我需要一个基本函数来求点到线段的最短距离。你可以随意用任何你想要的语言来编写解决方案;我可以把它翻译成什么我正在使用(Javascript)。
编辑:线段由两个端点定义。线段AB由两点A (x1,y1)和B (x2,y2)定义。我要求的是这条线段到点C (x3,y3)的距离。我的几何技能生疏了,所以我看到的例子让我很困惑,我很遗憾地承认。
我需要一个基本函数来求点到线段的最短距离。你可以随意用任何你想要的语言来编写解决方案;我可以把它翻译成什么我正在使用(Javascript)。
编辑:线段由两个端点定义。线段AB由两点A (x1,y1)和B (x2,y2)定义。我要求的是这条线段到点C (x3,y3)的距离。我的几何技能生疏了,所以我看到的例子让我很困惑,我很遗憾地承认。
当前回答
省道和颤振的解决方法:
import 'dart:math' as math;
class Utils {
static double shortestDistance(Point p1, Point p2, Point p3){
double px = p2.x - p1.x;
double py = p2.y - p1.y;
double temp = (px*px) + (py*py);
double u = ((p3.x - p1.x)*px + (p3.y - p1.y)* py) /temp;
if(u>1){
u=1;
}
else if(u<0){
u=0;
}
double x = p1.x + u*px;
double y = p1.y + u*py;
double dx = x - p3.x;
double dy = y - p3.y;
double dist = math.sqrt(dx*dx+dy*dy);
return dist;
}
}
class Point {
double x;
double y;
Point(this.x, this.y);
}
其他回答
和这个答案一样,只是用的是Visual Basic。使其可作为Microsoft Excel和VBA/宏中的用户定义函数使用。

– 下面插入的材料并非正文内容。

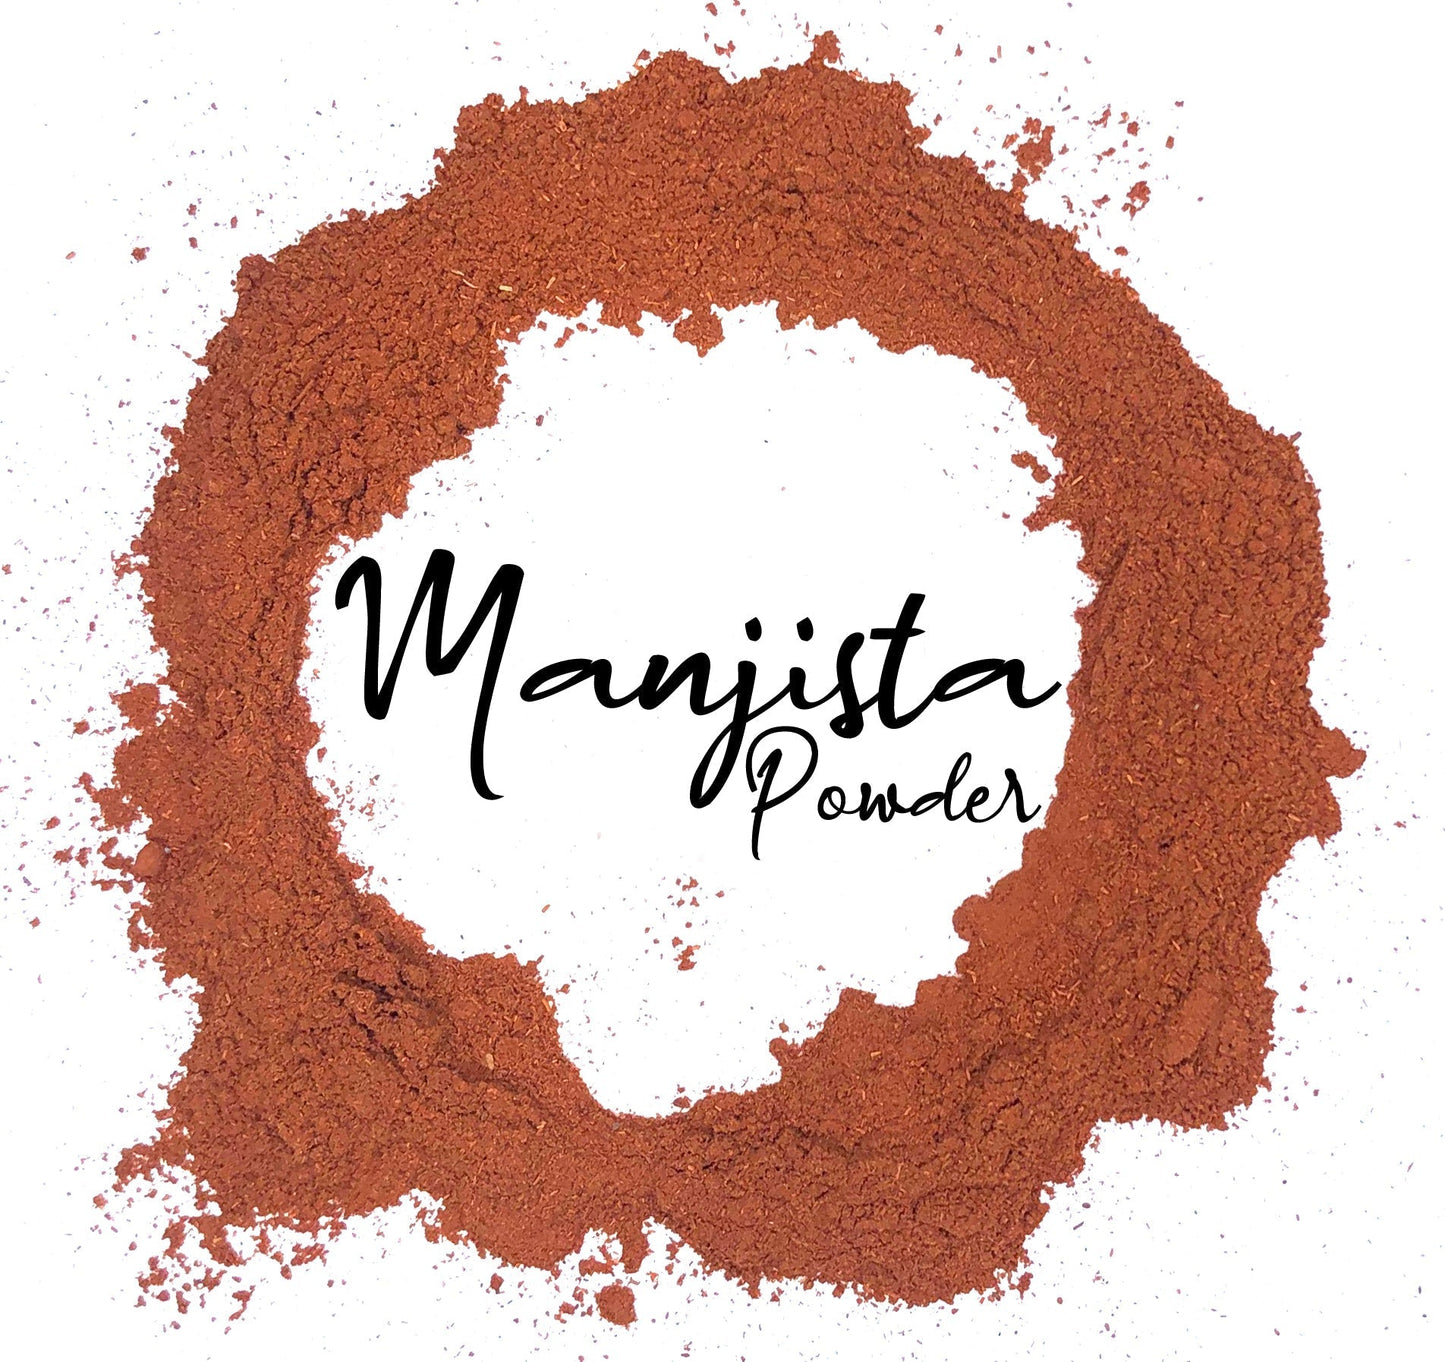 Wholesale Spices & Herbs - Manjista Powder, Organic 1lb (454g) Bag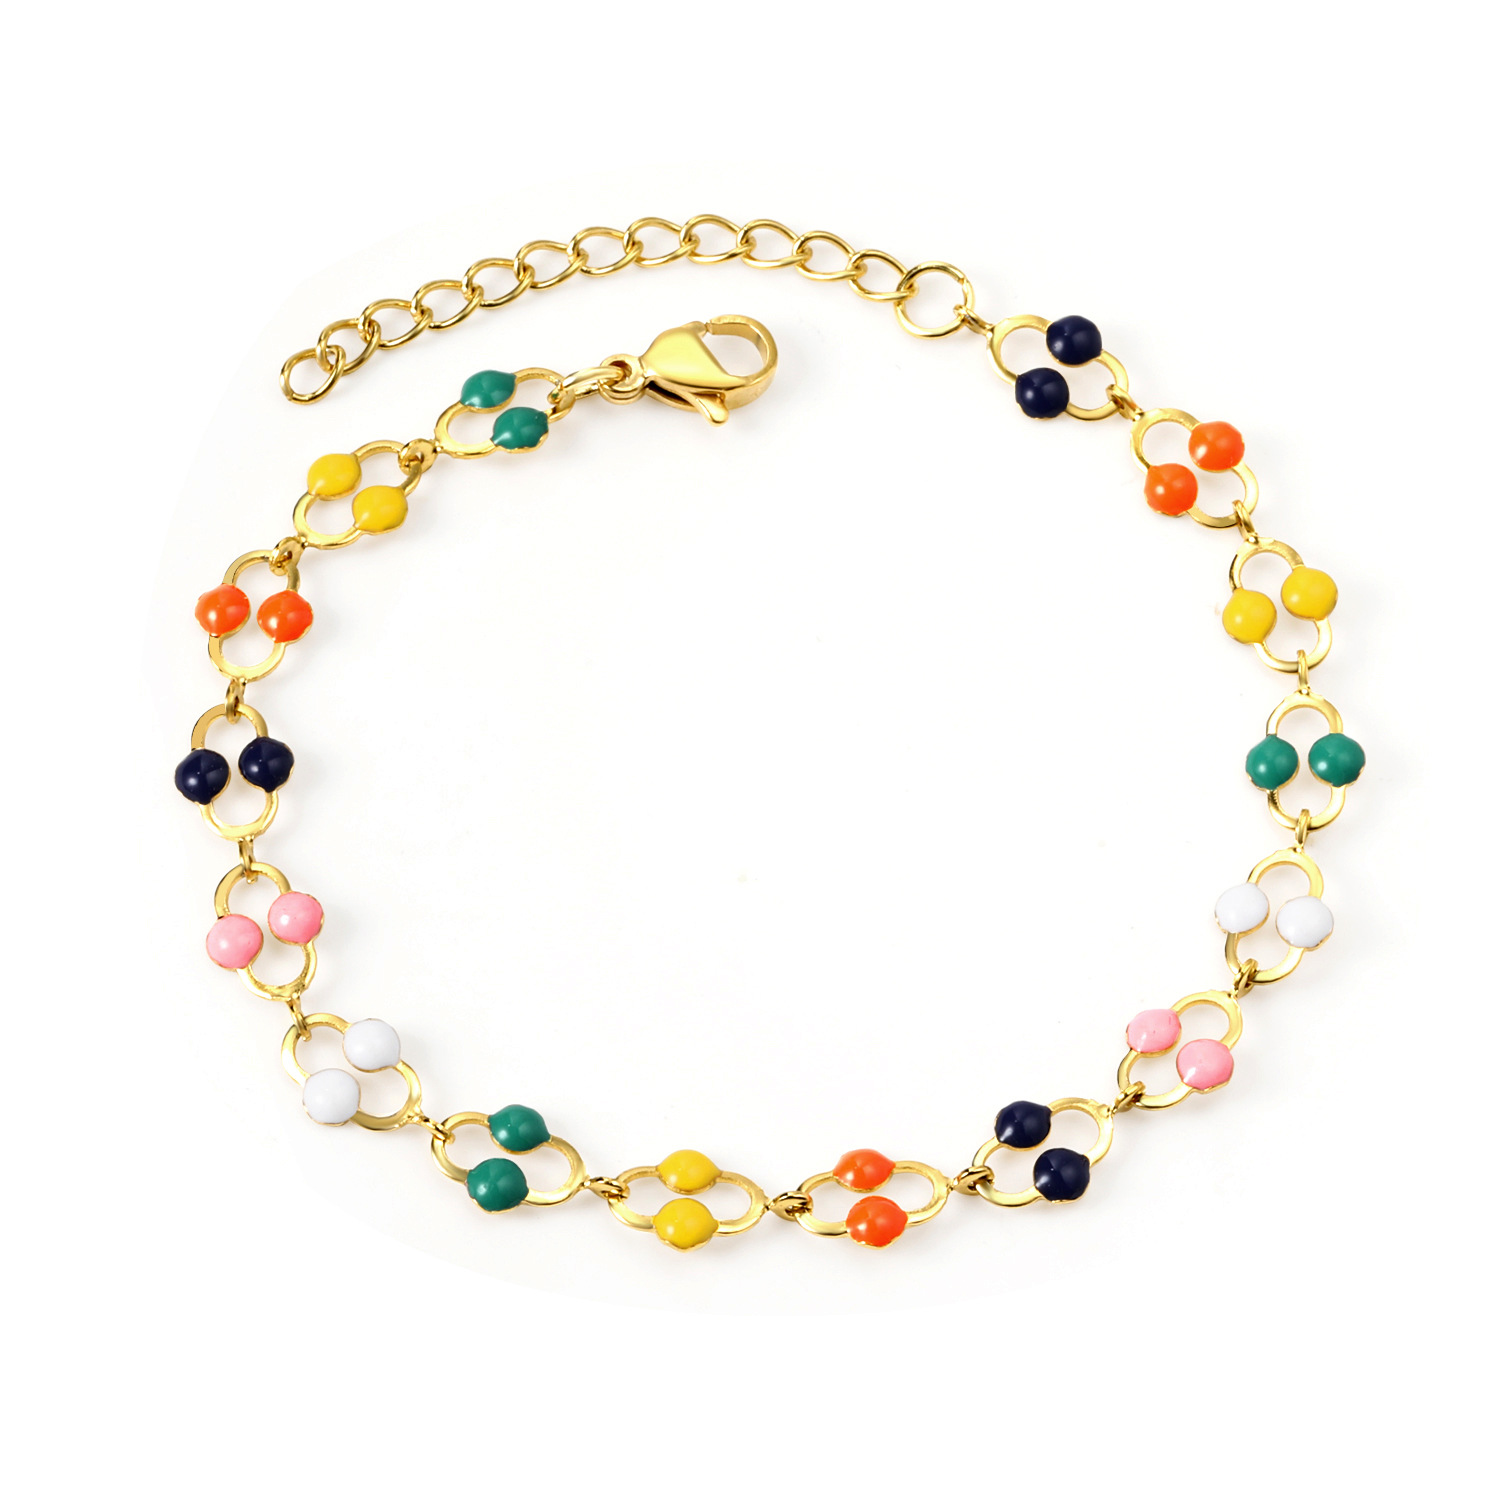 2:Colored oil U-shaped bracelet

函数返回点(x,y)到由(x1,y1)和(x2,y2)定义的线段的最近距离。
Function DistanceToSegment(x As Double, y As Double, x1 As Double, y1 As Double, x2 As Double, y2 As Double)
Dim A As Double
A = x - x1
Dim B As Double
B = y - y1
Dim C As Double
C = x2 - x1
Dim D As Double
D = y2 - y1
Dim dot As Double
dot = A * C + B * D
Dim len_sq As Double
len_sq = C * C + D * D
Dim param As Double
param = -1
If (len_sq <> 0) Then
param = dot / len_sq
End If
Dim xx As Double
Dim yy As Double
If (param < 0) Then
xx = x1
yy = y1
ElseIf (param > 1) Then
xx = x2
yy = y2
Else
xx = x1 + param * C
yy = y1 + param * D
End If
Dim dx As Double
dx = x - xx
Dim dy As Double
dy = y - yy
DistanceToSegment = Math.Sqr(dx * dx + dy * dy)
End Function
只是遇到了这个,我想我应该添加一个Lua实现。它假设点以表{x=xVal, y=yVal}给出,直线或线段由包含两个点的表给出(见下面的例子):
function distance( P1, P2 )
return math.sqrt((P1.x-P2.x)^2 + (P1.y-P2.y)^2)
end
-- Returns false if the point lies beyond the reaches of the segment
function distPointToSegment( line, P )
if line[1].x == line[2].x and line[1].y == line[2].y then
print("Error: Not a line!")
return false
end
local d = distance( line[1], line[2] )
local t = ((P.x - line[1].x)*(line[2].x - line[1].x) + (P.y - line[1].y)*(line[2].y - line[1].y))/(d^2)
local projection = {}
projection.x = line[1].x + t*(line[2].x-line[1].x)
projection.y = line[1].y + t*(line[2].y-line[1].y)
if t >= 0 and t <= 1 then -- within line segment?
return distance( projection, {x=P.x, y=P.y} )
else
return false
end
end
-- Returns value even if point is further down the line (outside segment)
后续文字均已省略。